Seperti juga jawaban itu, berita kematian itu juga teramat sering menyapa saya. Sistem paging via pengeras suara di tempat saya kerja memungkinkan untuk tiap ada karyawan yang meninggal, atau orang tua nya, untuk di informasukan ke semua unit kerja, pabrik dan non pabrik. Menyela setiap aktivitas untuk sekejap terhenti. Bahkan meeting sekalipun.

Namun kemudian, pertanyaannya lagi, dari sekian banyak berita-berita kematian itu, berapa banyak sih yang benar-benar membangunkan kesadaran kita. Membuat kita tertunduk dalam, benar-benar ternasehati, untuk kemudian memikirkan banyak hal. Bukan hanya ucapan spontan ‘inna lillahi wainna ilayhi roji’un’ yang boleh jadi tak meresap sama sekali esensinya. Kalau saya boleh sok tahu, barangkali jawaban untuk itu adalah tak banyak, atau bahkan amat sedikit.

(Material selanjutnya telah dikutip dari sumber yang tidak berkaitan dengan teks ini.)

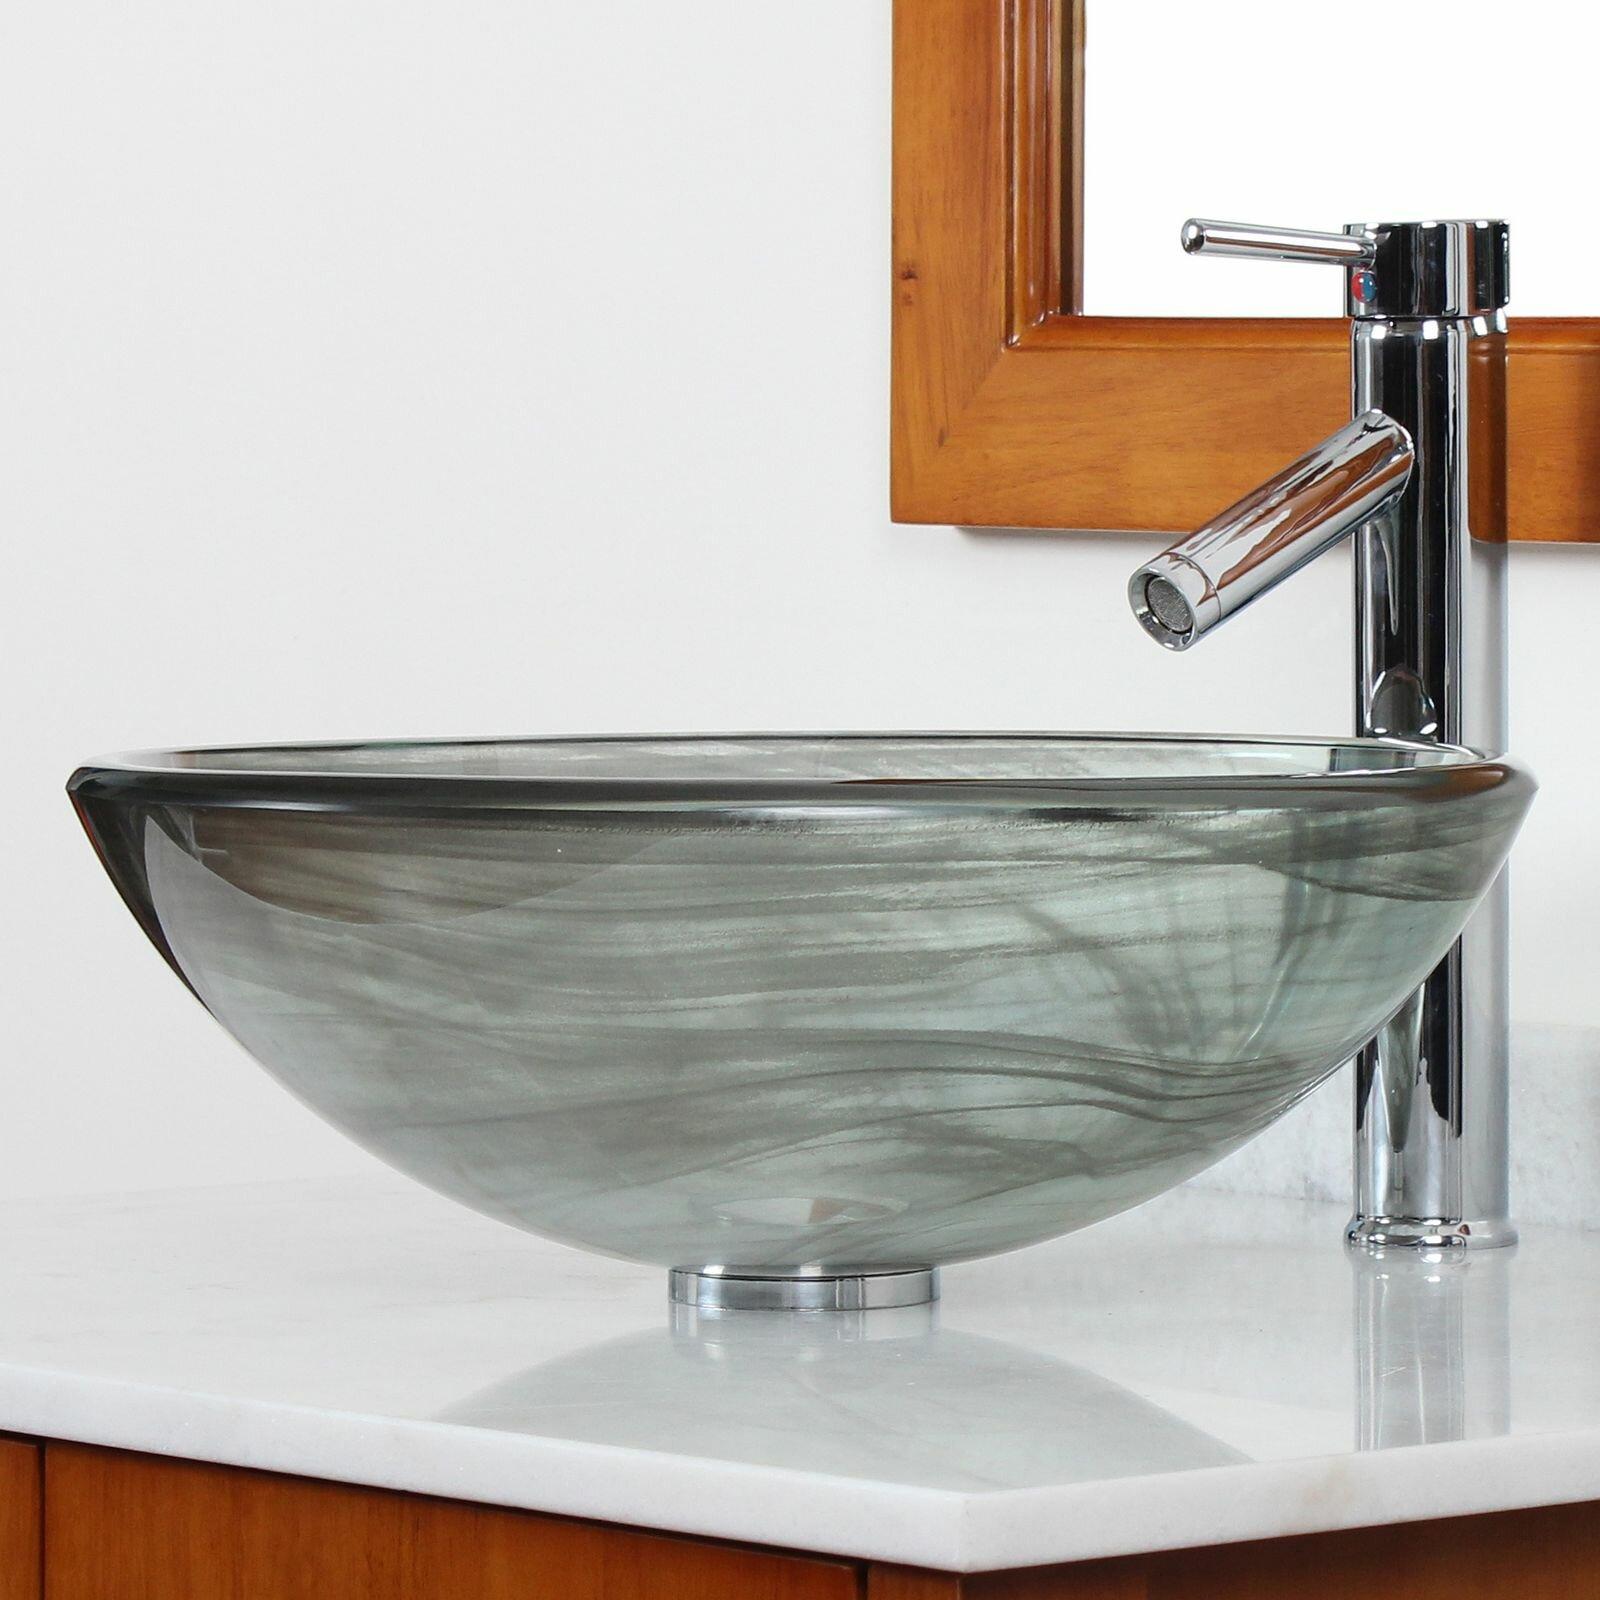 elite double layered tempered glass bowl vessel bathroom sink reviews wayfair

Saya pun, seperti halnya jawaban itu, mungkin juga begitu. Berita-berita kematian itu lebih banyak lalu lalang saja. Tak ada bedanya. Tak ada spesial-spesialnya. Hilang begitu saja, tak membekas.

Entahlah, mungkin hati ini yang telah membatu, yang begitu bebalnya hingga mengabaikan begitu saja paket-paket nasehat yang secara periodik disiapkan Allah. Tak merasa perlu menjengkali diri. Tak merasa penting menafakuri keadaan. Berita-berita itu datang, untuk kemudian berlalu tanpa makna.

Padahal kematian adalah sebenar-benar nasehat. Jika itu tak mampu lagi menasehati kita, apa lagi yang kita harapkan mampu mengetuk nurani kita. Jika sebuah kepastian yang harusnya menyadarkan kita atas tujuan hidup kita, tak lagi memberi dampak atas kehidupan kita, apalagi yang lain. Bukankah tak benar-benar hidup, orang yang tak mengingat mati.

Astaghfirullah.
o0o
ah, tulisan ini mungkin harus membelok. Tentang kematian Nurul F Huda lah awalnya saya menuliskan ini. Tentang sedikit orang yang kematiannya membuat saya tertunduk, merangkai kejadian-kejadian, untuk kemudian ternasehati. Tentang sedikit orang-orang yang kematiannya, tak hanya hidupnya, mampu memberi kebaikan pada sesamanya.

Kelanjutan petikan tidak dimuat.